According to the stator core of the rotating electrical machine of the present invention, it is possible to prevent the insulating paper from being damaged when the coil is assembled to the stator. Thereby, the density of the coil which occupies for a slot part can be made high using insulating paper with thin thickness. Therefore, the resistance value of the stator windings can be reduced, and loss reduction and performance improvement of the rotating electrical machine can be achieved.

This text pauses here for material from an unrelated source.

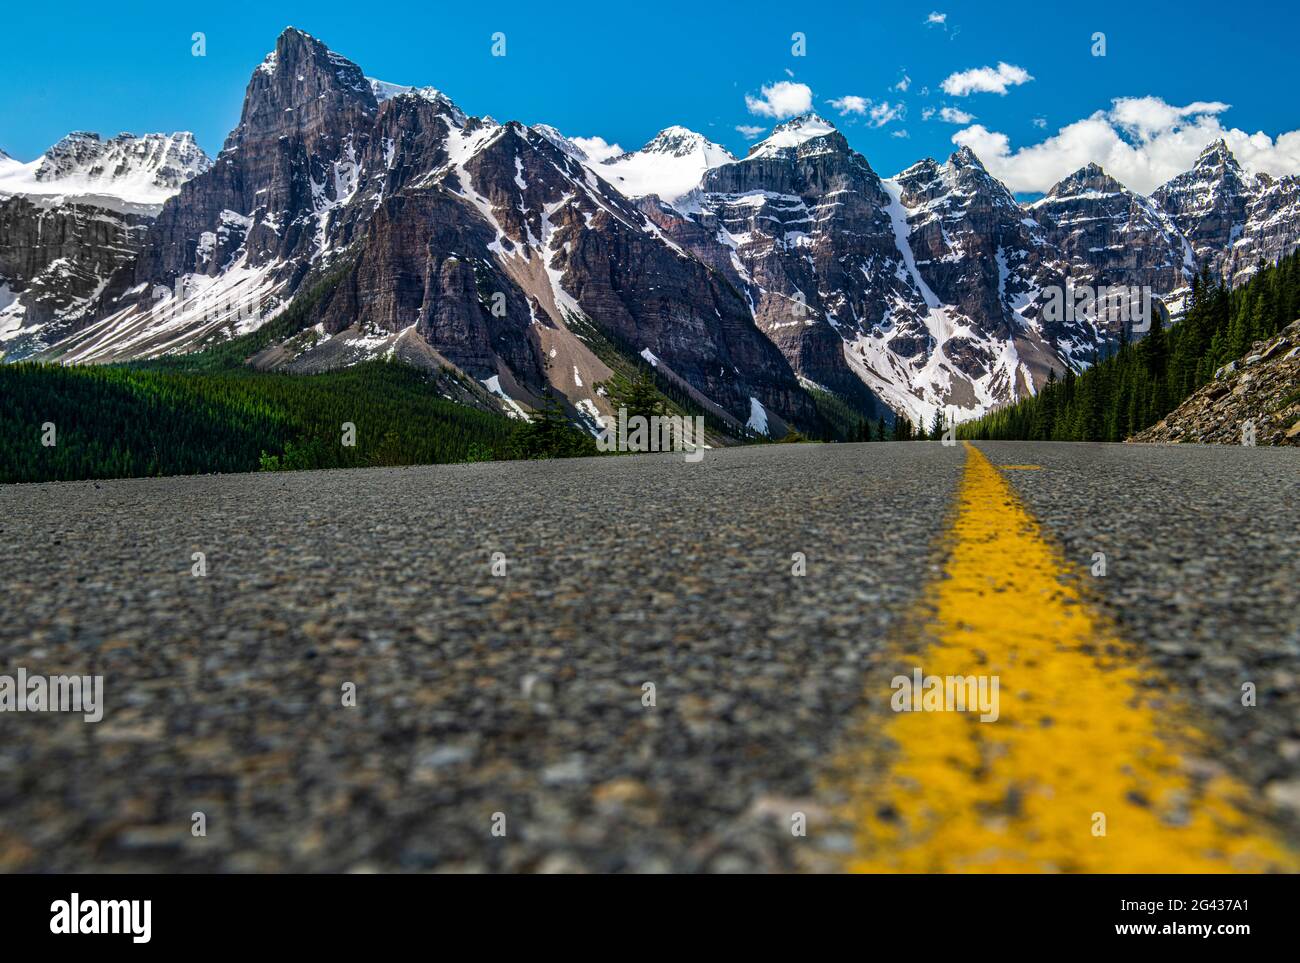 Landschaft mit Straße und kanadischen Rockies, Moraine Lake Road, Banff National Park, Alberta, Kanada Stockfoto
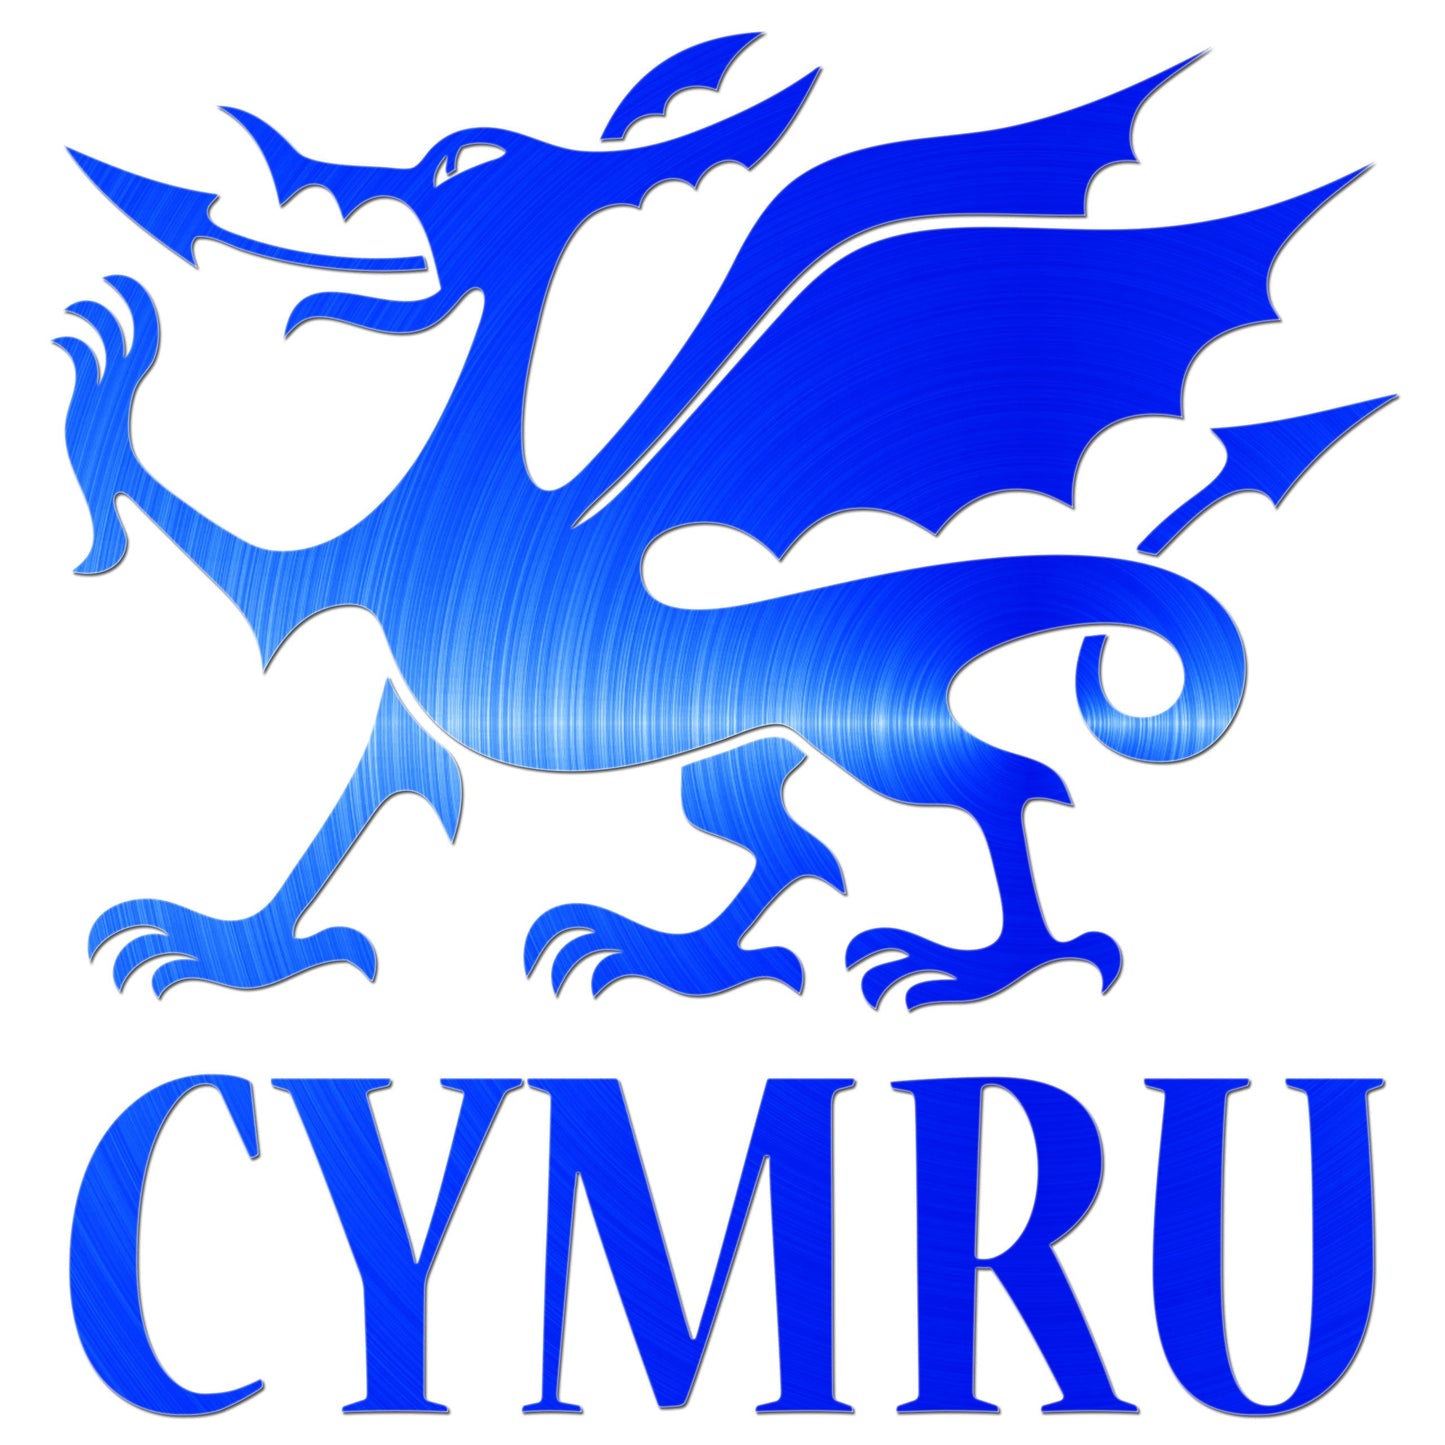 Cymru Dragon Sticker

It is sectional drawing parallel to the axial direction of the rotary electric machine which has a stator by Embodiment 1 of this invention. It is sectional drawing perpendicular | vertical to the axial direction of the rotary electric machine which has a stator by Embodiment 1 of this invention. It is an enlarged view which shows only the outer side iron core and inner side iron core of the A section of FIG. It is an enlarged view of the B section of FIG. It is an enlarged view of the A section of FIG. 6 is a schematic diagram showing a state before a coil is arranged on the stator core of the stator according to Embodiment 1. FIG. FIG. 3 is a diagram showing a state where coils are arranged on the stator core of the stator according to the first embodiment. FIG. 3 is a diagram showing a stator according to the first embodiment. It is a figure which shows the state which press-fits the coil in the inner core of the stator by Embodiment 1. FIG. It is a figure which shows a mode that a coil falls in the recessed part of the inner core of the stator by Embodiment 1. FIG. It is a figure which shows the state before arrange | positioning a coil to the stator core of the stator by Embodiment 2. FIG. FIG. 10 is a diagram showing a state where coils are arranged on a stator core of a stator according to a second embodiment. FIG. 6 is a diagram showing a stator according to a second embodiment.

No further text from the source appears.